В то конкретное время, о котором я собираюсь написать, я был на большой охоте на гризли в дикой и нехоженой части гор Британской Колумбии. Со мной был один человек, семь лошадей и стая эрдельтерьеров, обученных охотиться на медведей. Мы наткнулись на рай для гризли и карибу, и там было немало убийств, когда однажды мы вышли на след Тора, великого зверя, который показал мне, насколько маленьким в душе и наклонностях может быть человек. В куске грязи его лапы оставили следы, которые были пятнадцать дюймов от кончика до кончика, и настолько широкими и глубокими были отпечатки, что я понял, что наткнулся на короля всех своего рода. В то утро я был один, ибо ушел из лагеря на час раньше своего человека, который был в двух или трех милях позади меня с четырьмя лошадьми и стаей эрделей. Я продолжал искать новое место для лагеря, ибо трепет великого желания овладел мною — желание отнять жизнь у этого короля-монстра гор. Именно в эти моменты произошло неожиданное. Я перевалил через небольшой холм, не ожидая, что мой медведь находится в пределах двух или трех миль от меня, когда нечто, очень похожее на низкий и угрюмый рокот далекого грома, остановило кровь в моих венах.
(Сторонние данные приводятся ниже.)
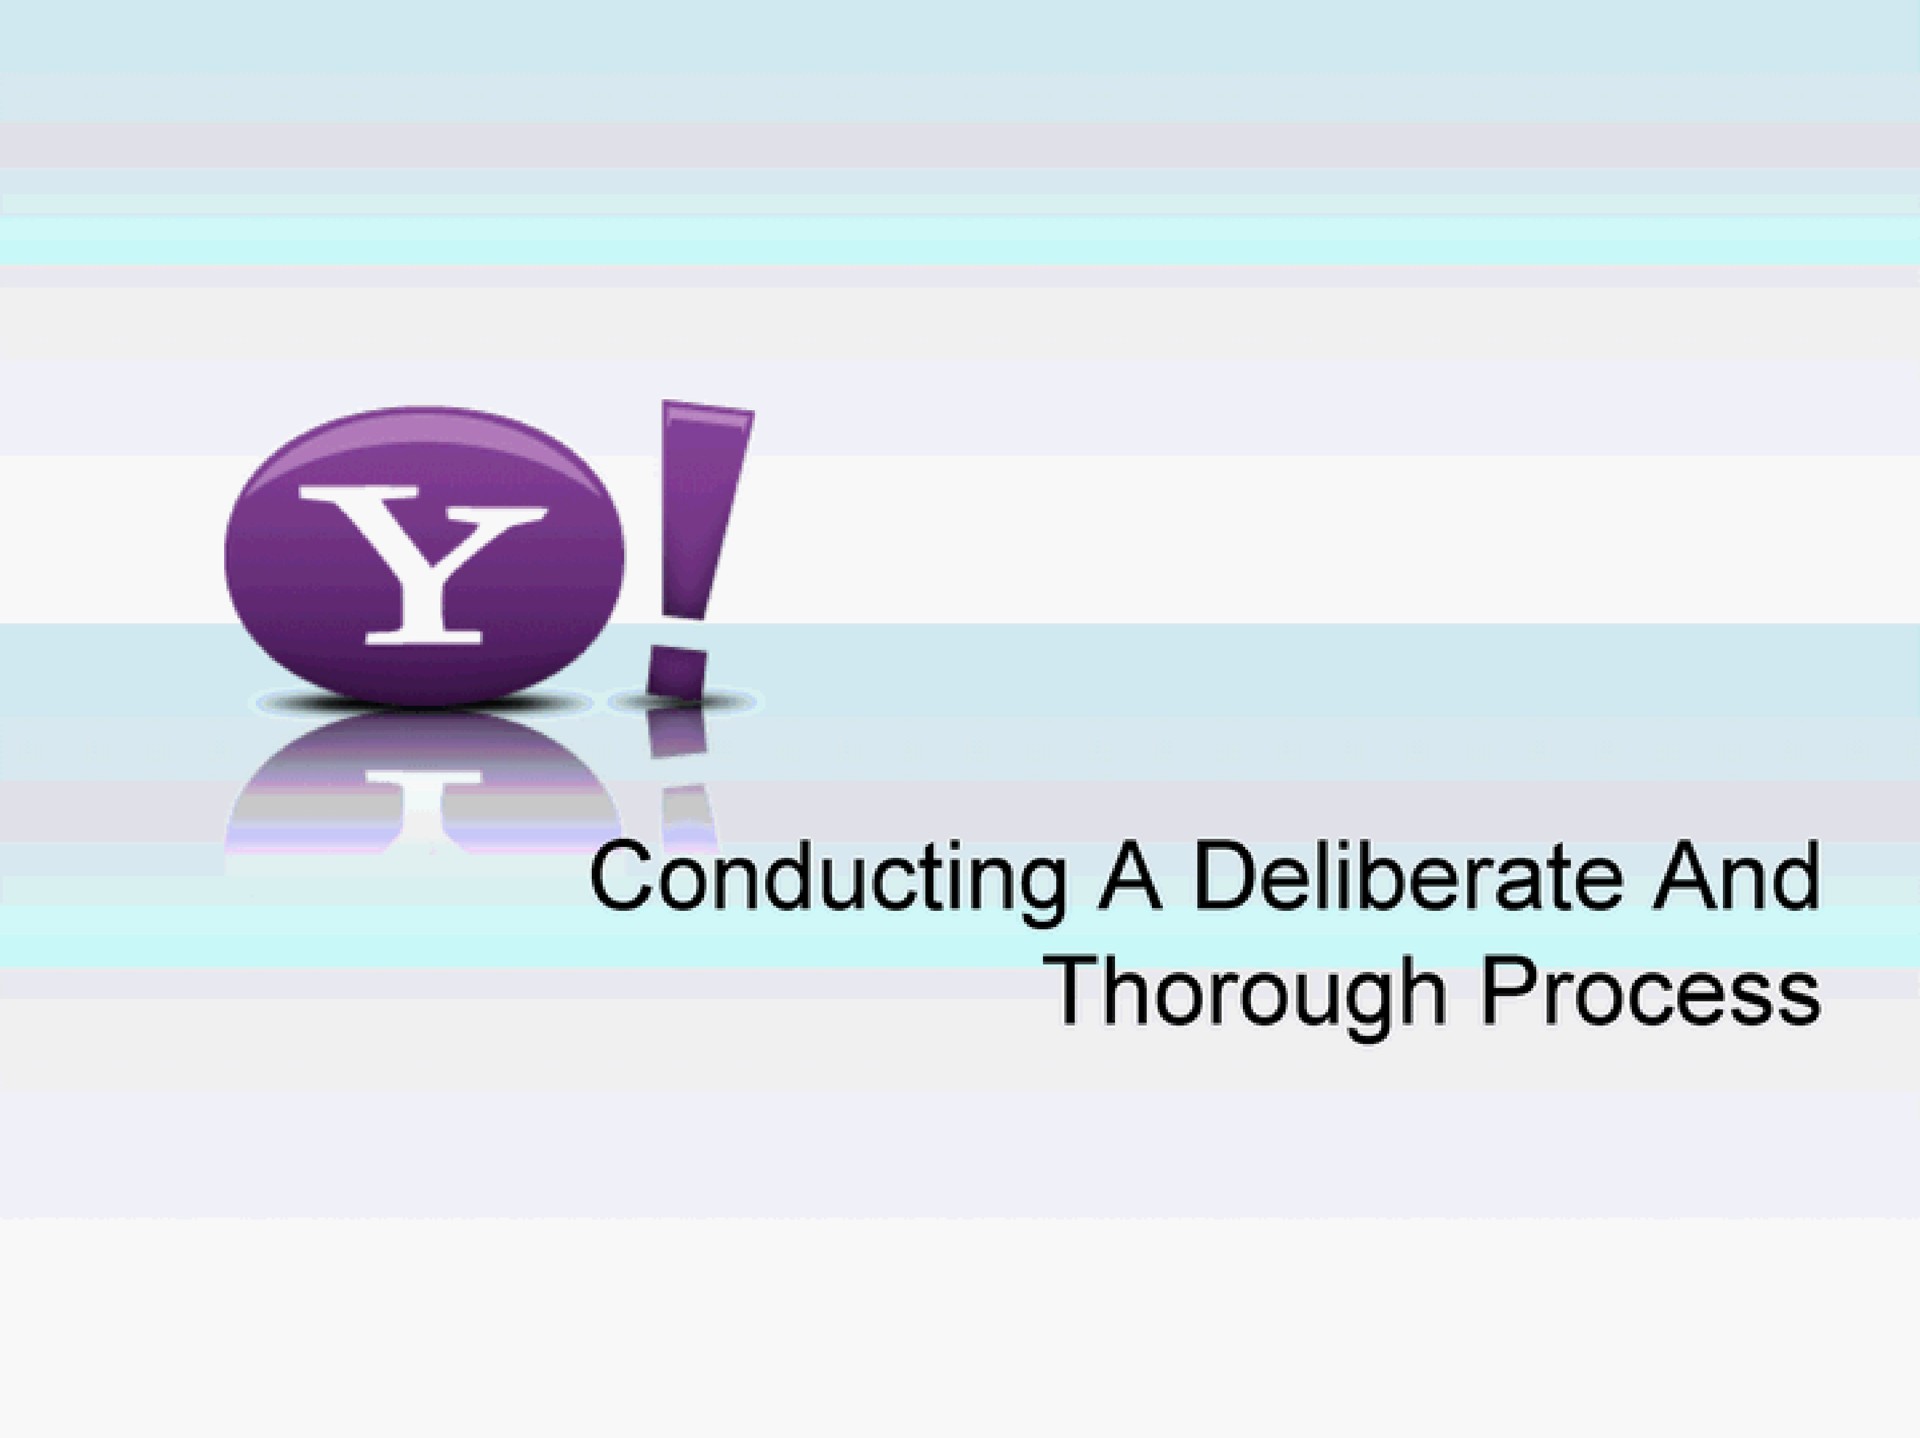 conducting a deliberate and thorough process | Yahoo

Впереди меня, на краю небольшой грязевой лужи, стоял Тор. Он учуял меня, и, я верю, это был первый раз, когда он когда-либо чувствовал запах человека. Ожидая этой новой тайны в воздухе, он поднялся на дыбы, пока все девять футов его роста не покоились на задних лапах, и он сидел, как дрессированная собака, с огромными передними лапами, тяжелыми от грязи, свисающими перед грудью. Он был монстром по размеру, и его новая июньская шерсть сияла золотисто-коричневым цветом на солнце. Его предплечья были почти такими же большими, как тело человека, а три самых больших из его пяти когтей, подобных ножам, были пять с половиной дюймов в длину. Он был толст, лоснящийся и мощный. Его верхние клыки, острые как кончики стилетов, были длиной с большой палец человека, и между своими огромными челюстями он мог бы раздавить шею карибу. Я не осознал всех этих деталей в первые поразительные моменты; одна за другой они приходили ко мне позже. Но я никогда не видел в жизни ничего столь великолепного. И все же у меня не было мысли пощадить эту великолепную жизнь. С того дня я отдыхал в лагере, положив голову на лапу живого гризли, который весил тысячу фунтов. Дружба, любовь и понимание возникли между нами. Но в тот момент мое желание состояло в том, чтобы уничтожить эту жизнь, которая была намного больше моей собственной. Моя винтовка была у луки седла в своем чехле из оленьей кожи. Я возился с ней, пытаясь привести в действие, и в эти драгоценные моменты Тор медленно опустился и побрел прочь. Я выстрелил дважды и готов был поставить свою жизнь на то, что промахнулся оба раза. Только позже я обнаружил, что одна из моих пуль открыла борозду глубиной в два дюйма и длиной в фут в плоти плеча Тора. И все же я не видел, чтобы он вздрогнул. Он не повернул назад, а пошел своей дорогой.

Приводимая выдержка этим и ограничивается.